Materials and methods

Institutional review board approval was obtained to perform a retrospective review of children undergoing clinically indicated PET/CT studies at our institution. Two hundred forty-eight clinical PET/CT studies performed on 78 patients (50 boys/28 girls, 3 to 18.5 years of age from December 2002 to October 2007) were reviewed (Fig. 1). This review included collecting patient data including age (at the time of scan), gender, weight, clinical indication, malignancy and whether the child went on to have radiation therapy. The review also included first determining the number and dates of PET/CT as well as CT-only exams that each child underwent.

Fig. 1
figure 1

Age distribution

For each imaging study, image data was reviewed to determine the body region that was being examined; the start and stop location of each series was recorded for later use in estimating effective dose (ED). This was repeated for each CT and each PET performed. As part of this review, the technical parameters for each series were also recorded. For the CT scan, the following parameters were extracted from the DICOM headers: (a) scanner make and model (e.g., Siemens Emotion Duo), (b) kVp, (c) mA, (d) beam collimation, (e) rotation time and (f) pitch. For each PET series, the amount of FDG administered was obtained from the medical record. At our institution, both the FDG dose administered and the CT technical parameters were adjusted for patient weight (for FDG) and patient size (for CT), so each value had to be recorded individually. It is clinical practice in our institution to perform the CT scan as a diagnostic study and not just for attenuation correction; it is also our practice to use intravenous contrast agent unless there is a contraindication. In addition, it is our practice to perform a breath-hold non-contrast CT chest study in selected patients as needed to evaluate for metastatic disease in the lungs. It should also be noted that the CT scanner used in the PET/CT machine (Emotion Duo, Siemens Medical Solutions, Forcheim, Germany) does not have tube current modulation capabilities, so the mA value reported was the fixed mA value used in the study.
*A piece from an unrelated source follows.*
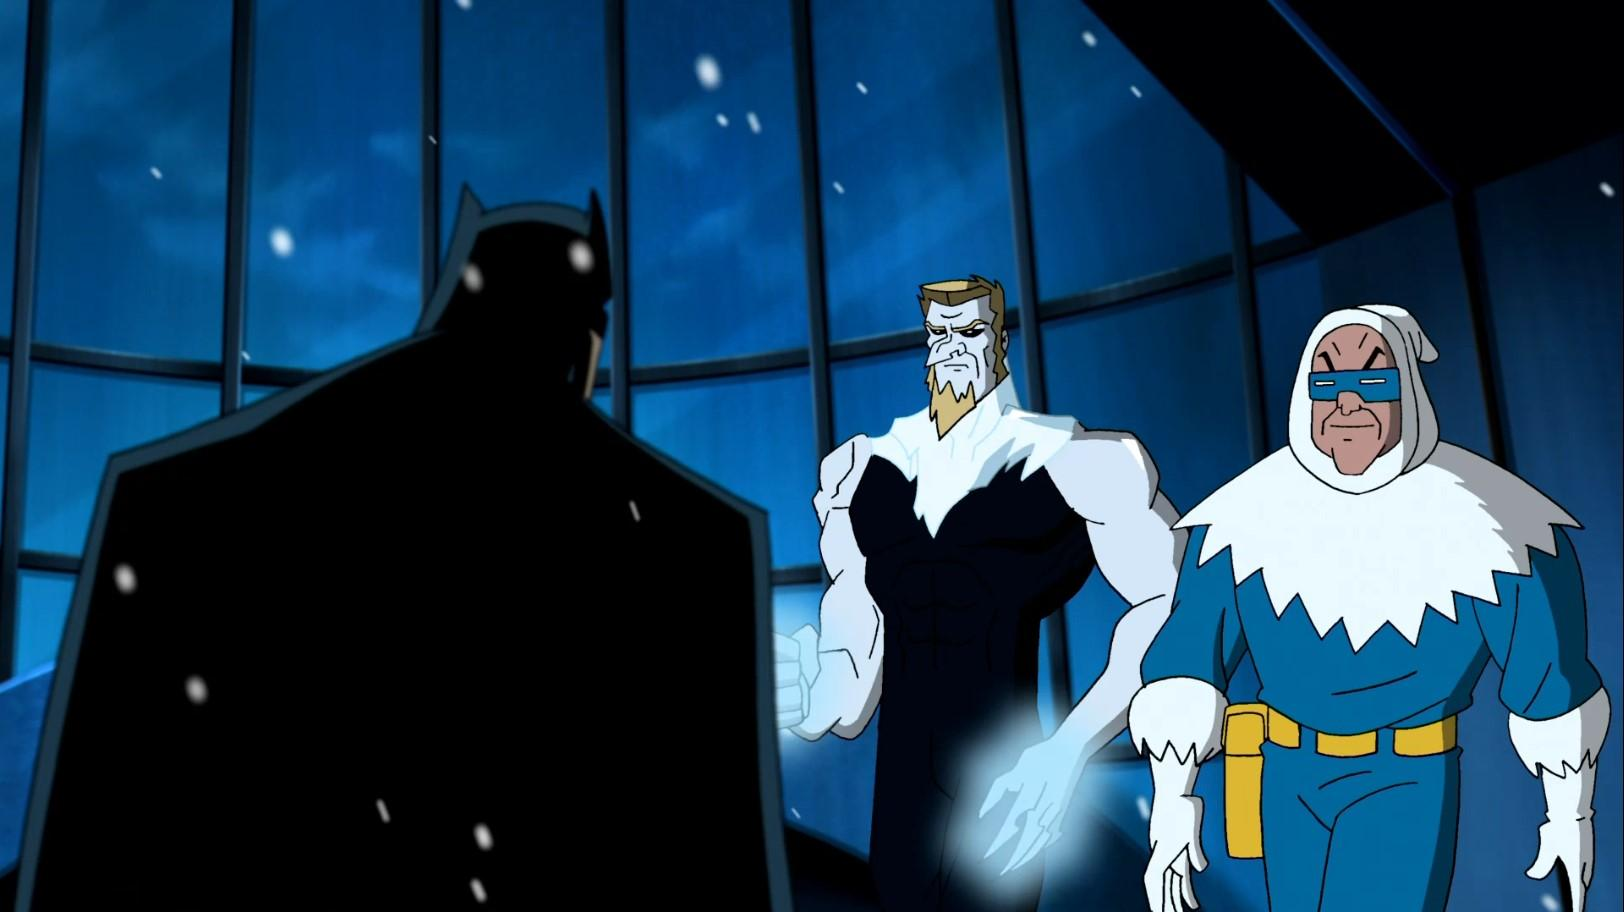 Супермен. Бэтмен: Враги общества

Effective dose from each CT series was estimated using the ImPACT Patient Dosimetry Calculator (www.impactscan.org) (Version 0.99x) with patient-specific scan parameters. This software package makes use of the National Radiation Protection Board (NRPB) data sets produced in report SR250, which provides normalized organ dose data for irradiation of a mathematical phantom (MIRD phantom) by a range of CT scanners obtained through Monte Carlo simulations [9, 10]. The specific parameters obtained from the DICOM file headers are used as inputs to the software, as are start and stop locations of the series, which users can interactively select using a diagram of the MIRD phantom provided. Based on these inputs, the software estimates the radiation dose to each organ and then calculates the estimated whole-body ED in mSv. This was recorded for each CT series for each patient.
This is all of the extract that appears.